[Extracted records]
════════

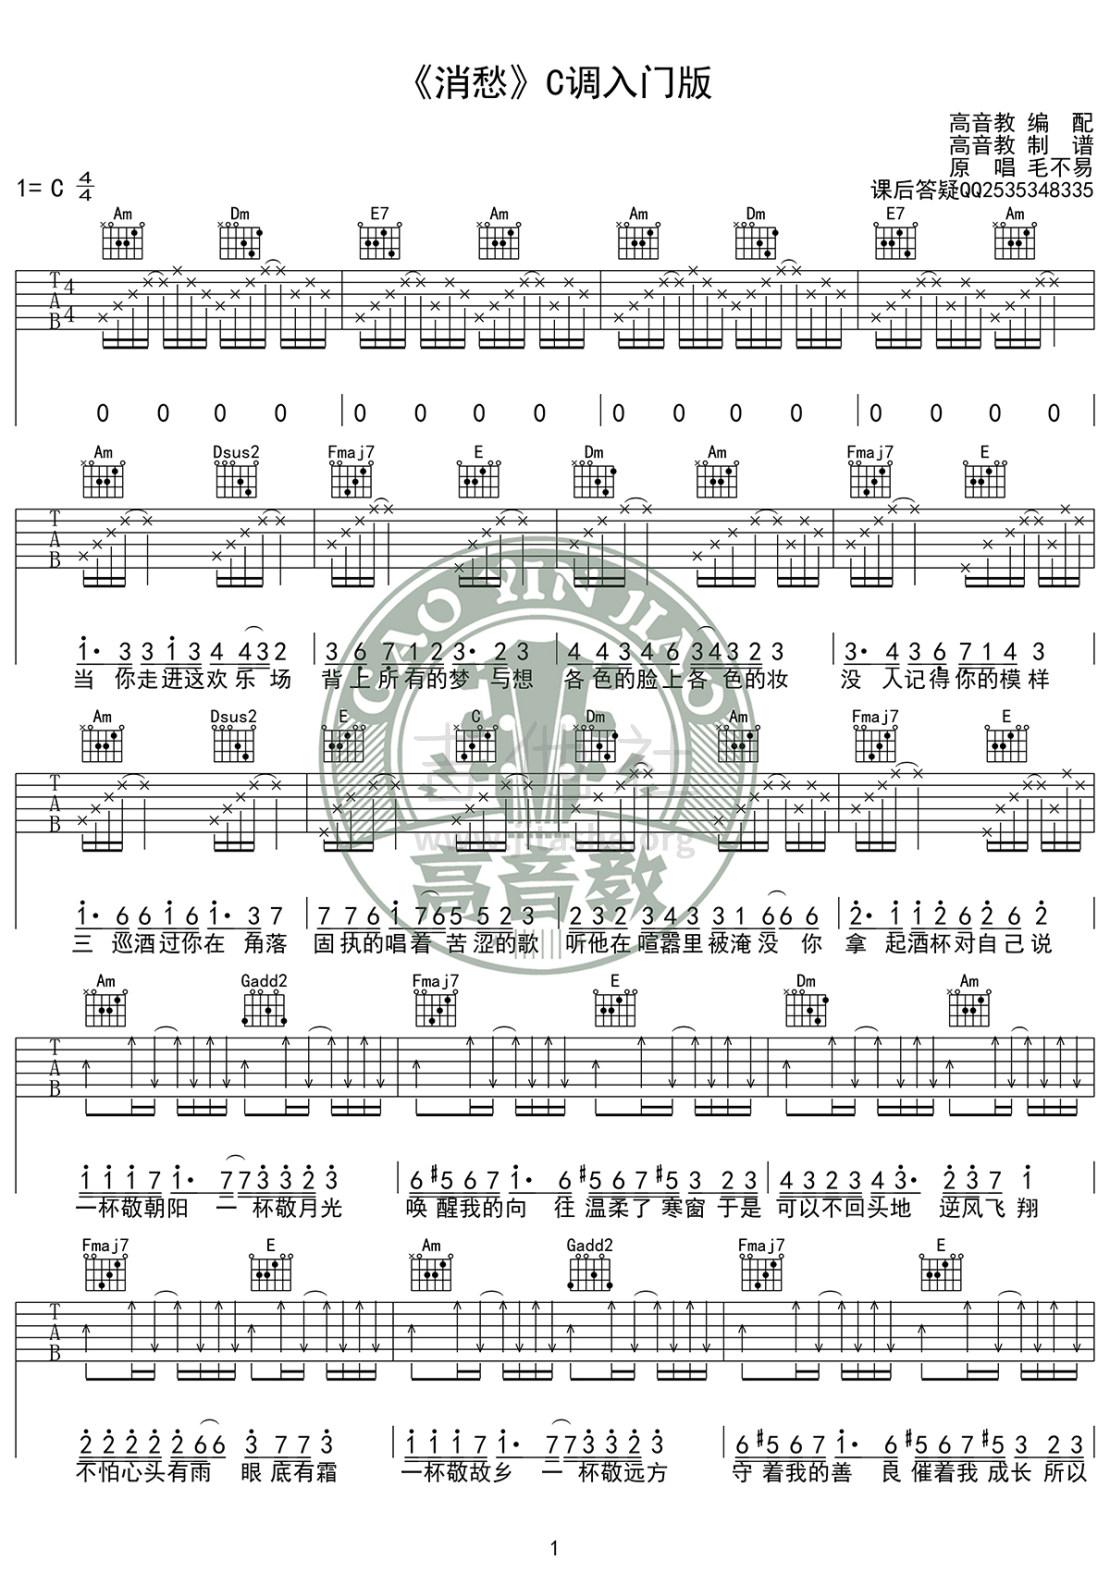 消愁(高音教编配)吉他谱(图片谱,弹唱,伴奏,C调)_毛不易_《消愁》C调入门版01.jpg
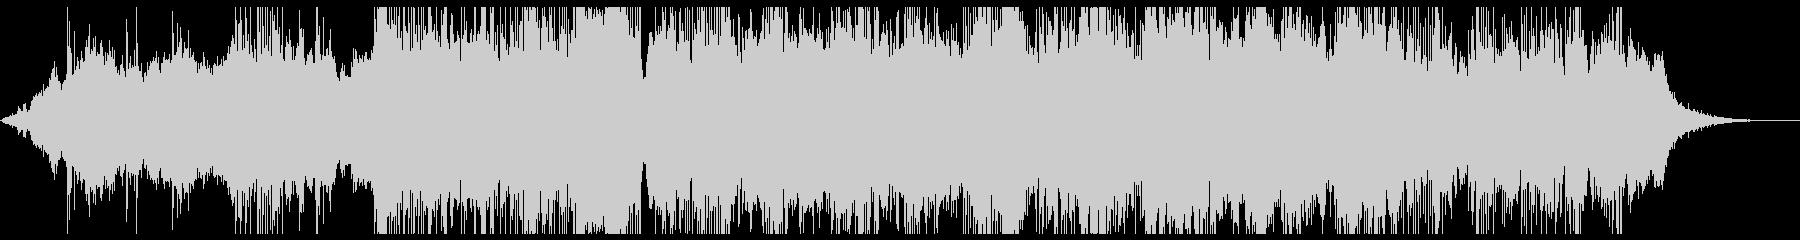 暗い雰囲気のアンビエントなBGMの未再生の波形
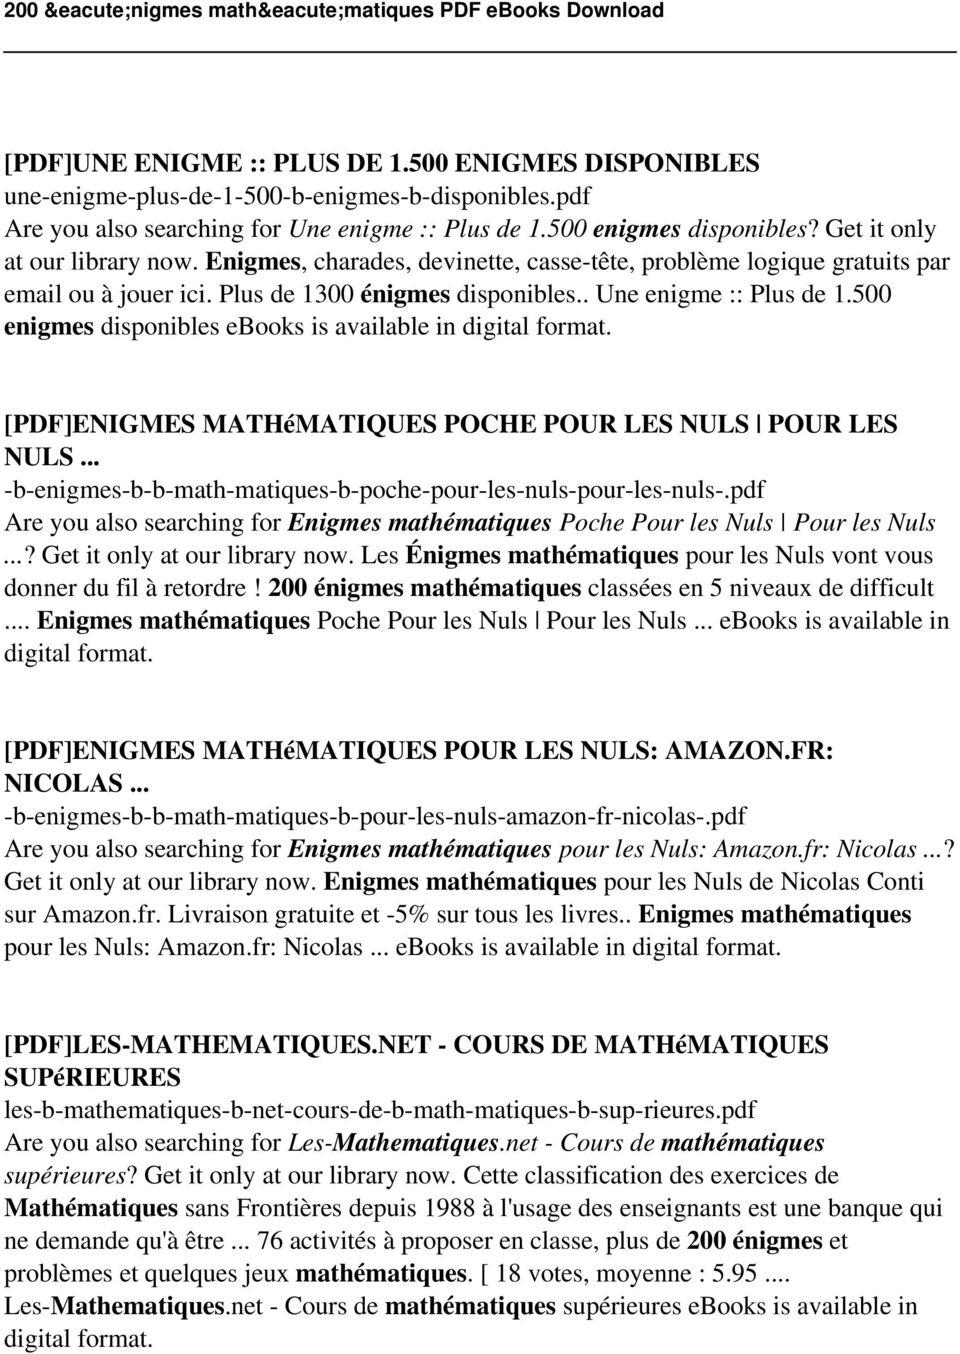 200 Énigmes Mathématiques Pdf - Pdf Free Download intérieur Charade A Imprimer
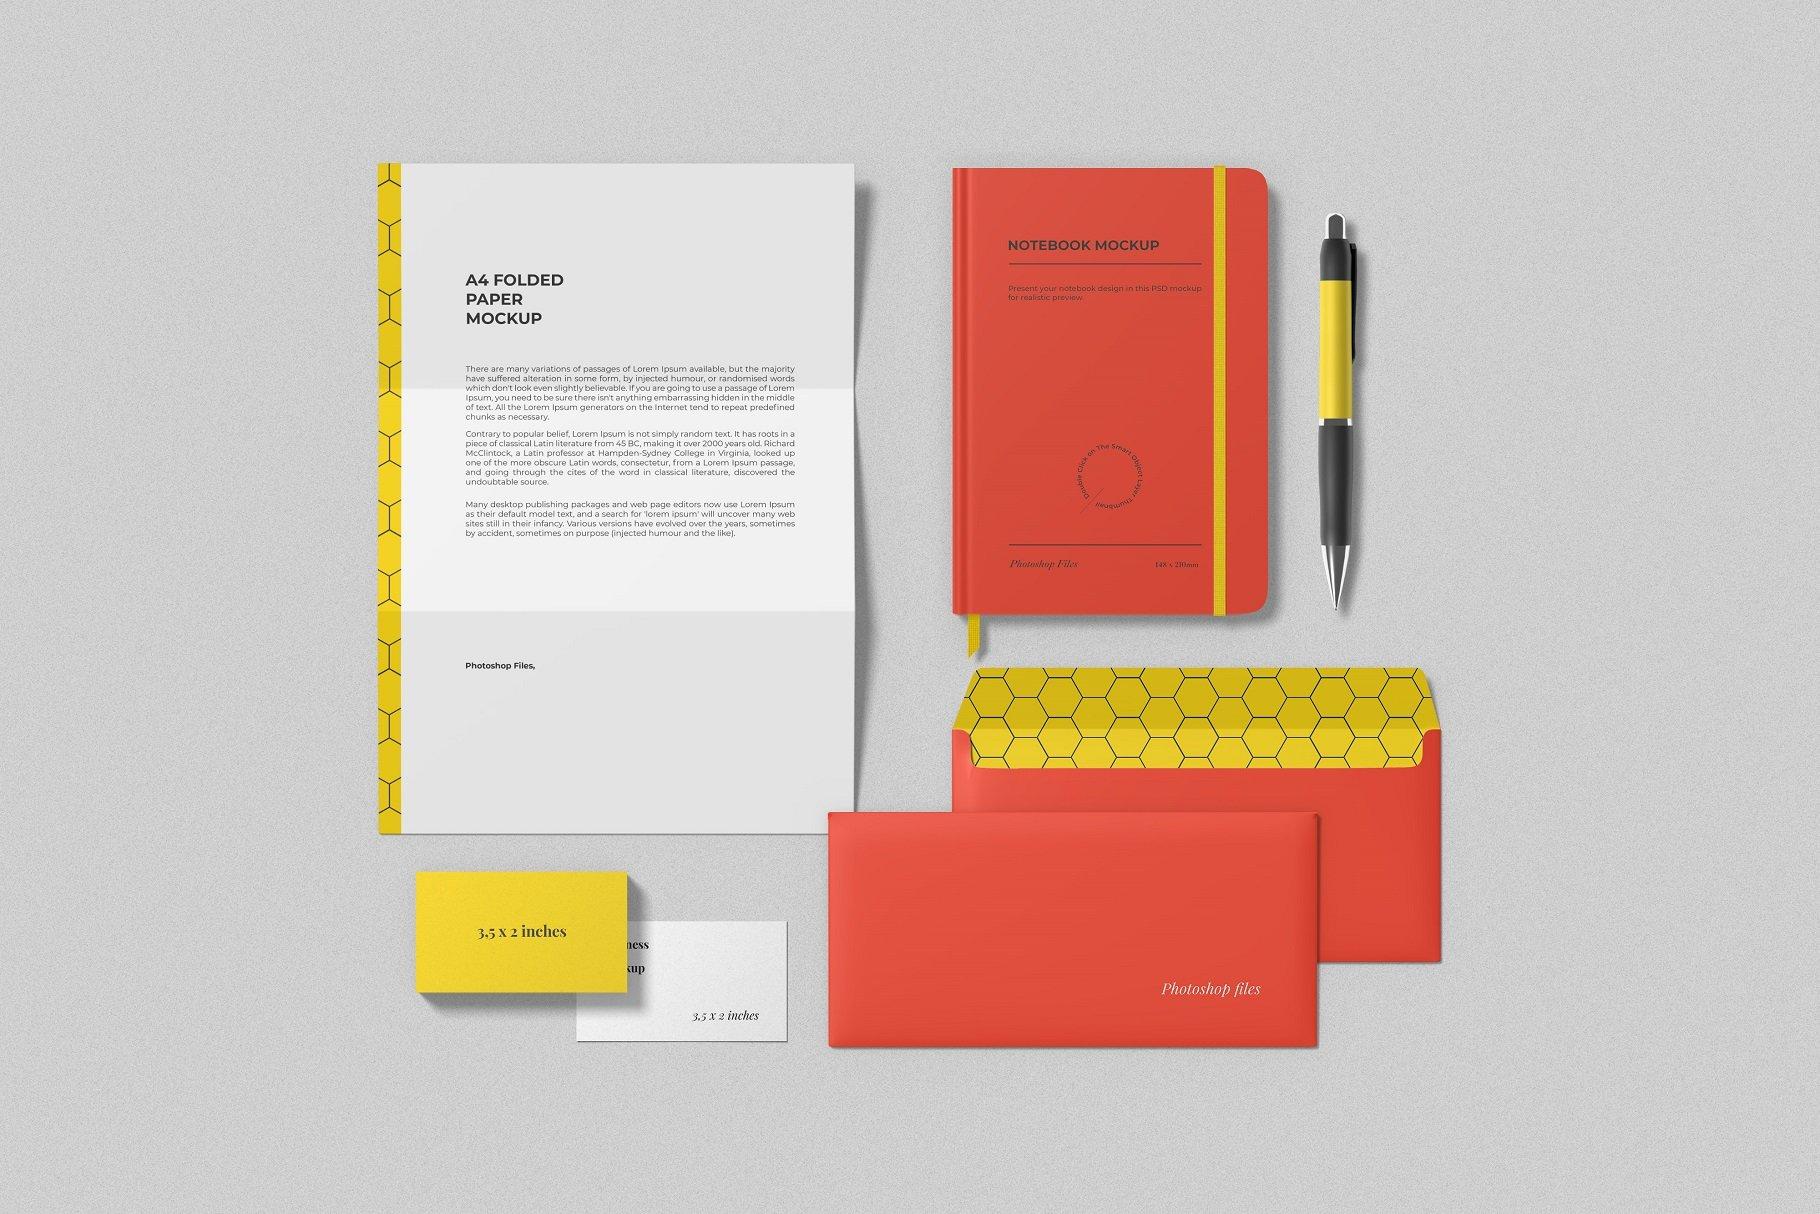 12个时尚简约品牌Logo设计办公用品展示贴图样机模板套装 Branding Mockup Scene Creator插图9
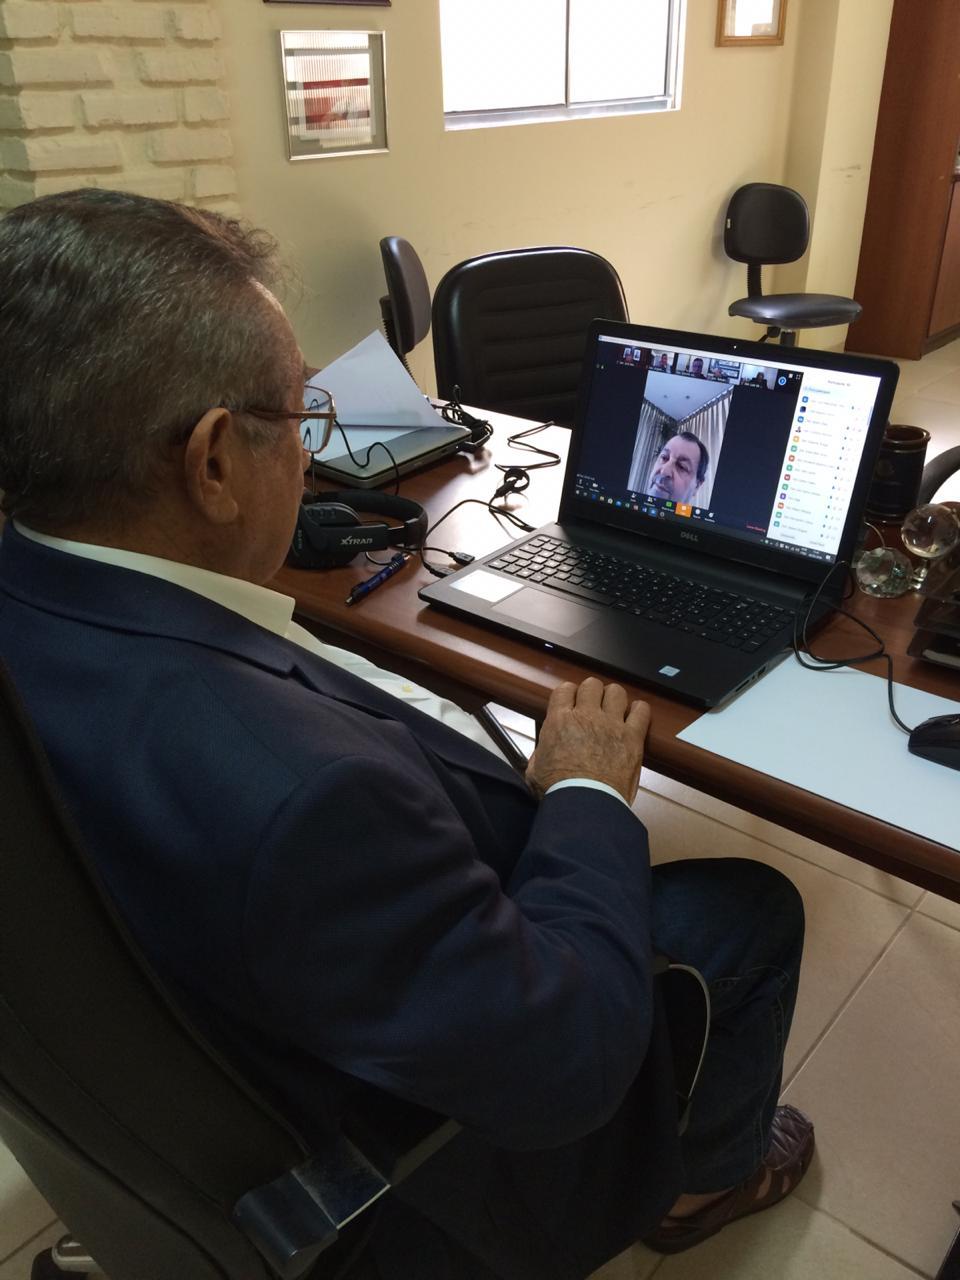 WhatsApp Image 2020 03 20 at 15.34.10 1 - EXCLUSIVO: senador Maranhão descreve 'forte gripe', usa máscara ao receber visitas e reforça cuidados com saúde
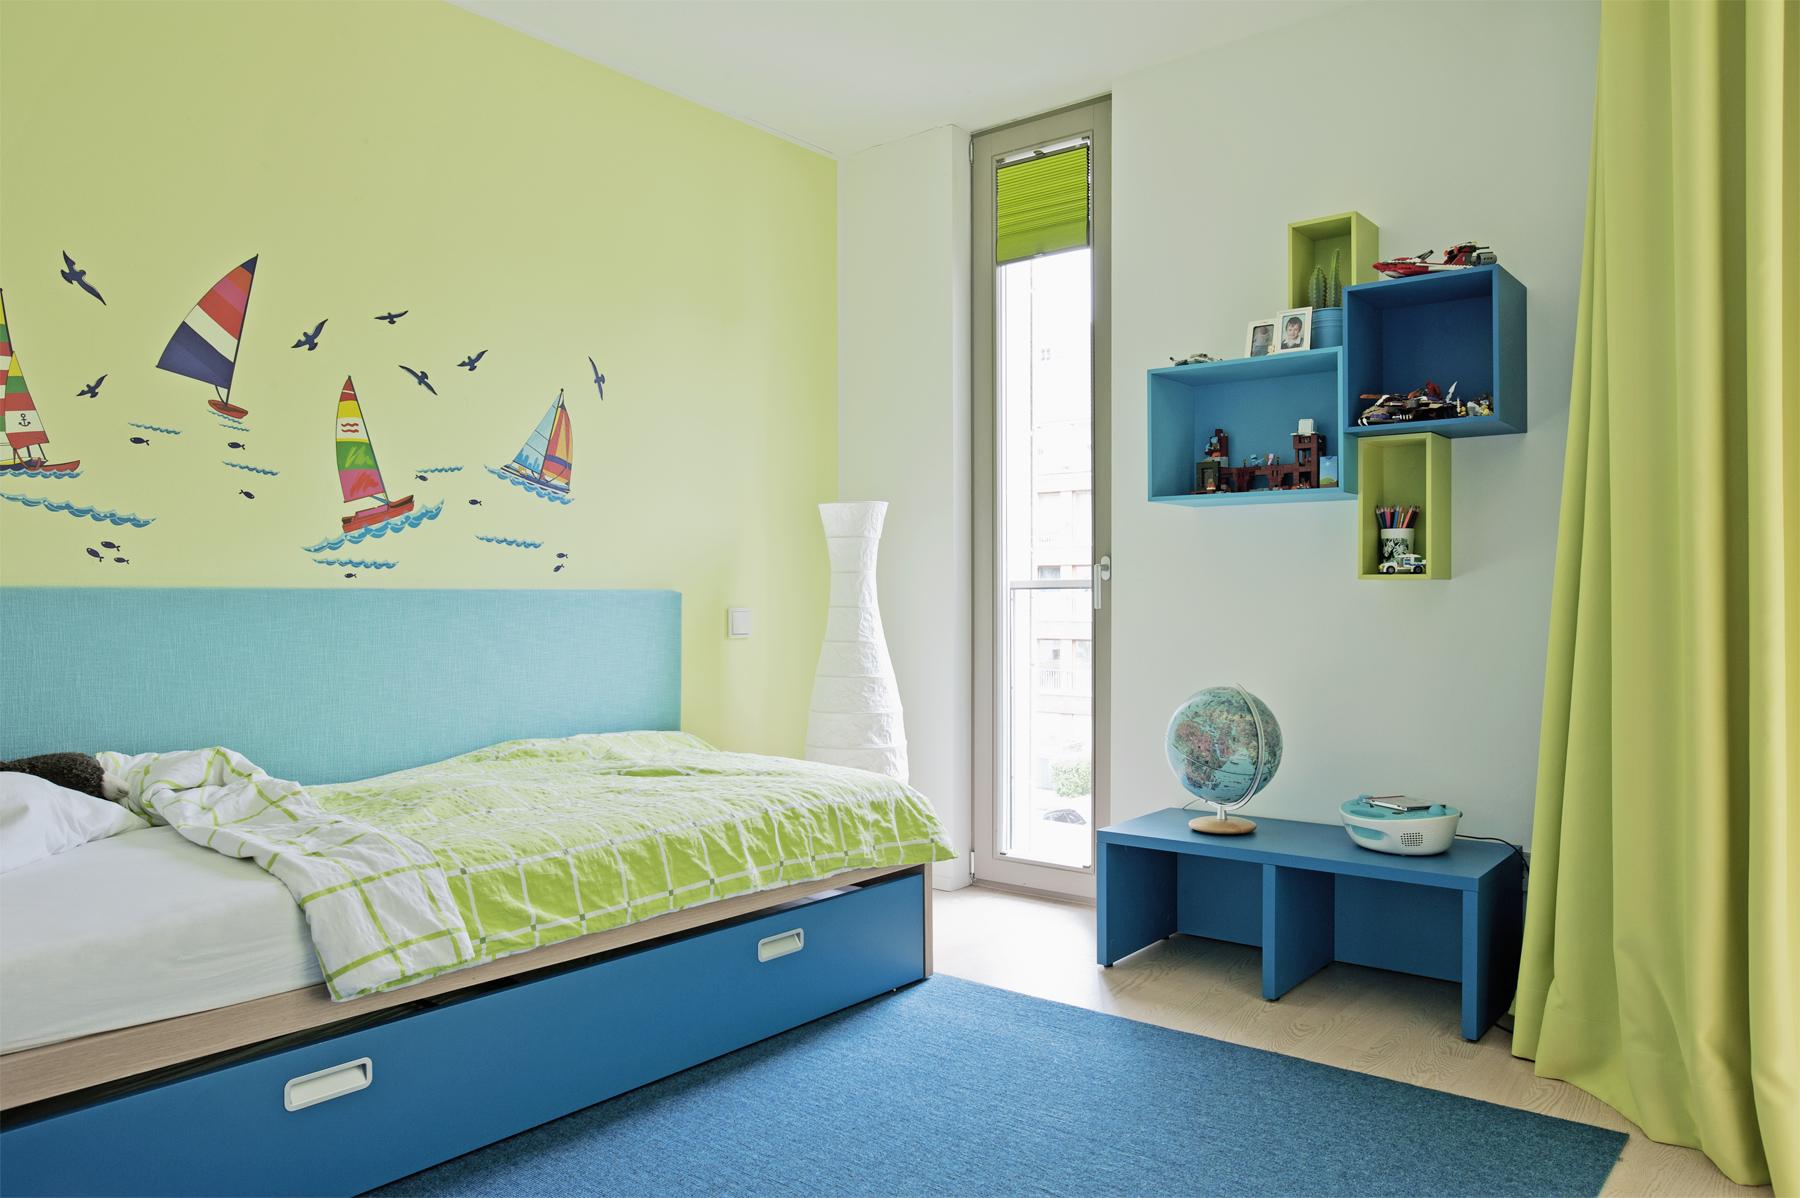 Full Size of Jungen Kinderzimmer Mobimio Jugendzimmer Zum Wohlfhlen Referenzen Regal Sofa Regale Weiß Kinderzimmer Jungen Kinderzimmer

════════

→ EXERCISE DIRECTIONS
Starting with the line that holds "200 Énigmes Mathématiques", print each line through the last one of the data exactly as written, but do not include the pictures.

→ RESULT
 200 Énigmes Mathématiques Pdf - Pdf Free Download intérieur Charade A Imprimer
 12个时尚简约品牌Logo设计办公用品展示贴图样机模板套装 Branding Mockup Scene Creator插图9
 WhatsApp Image 2020 03 20 at 15.34.10 1 - EXCLUSIVO: senador Maranhão descreve 'forte gripe', usa máscara ao receber visitas e reforça cuidados com saúde
 Full Size of Jungen Kinderzimmer Mobimio Jugendzimmer Zum Wohlfhlen Referenzen Regal Sofa Regale Weiß Kinderzimmer Jungen Kinderzimmer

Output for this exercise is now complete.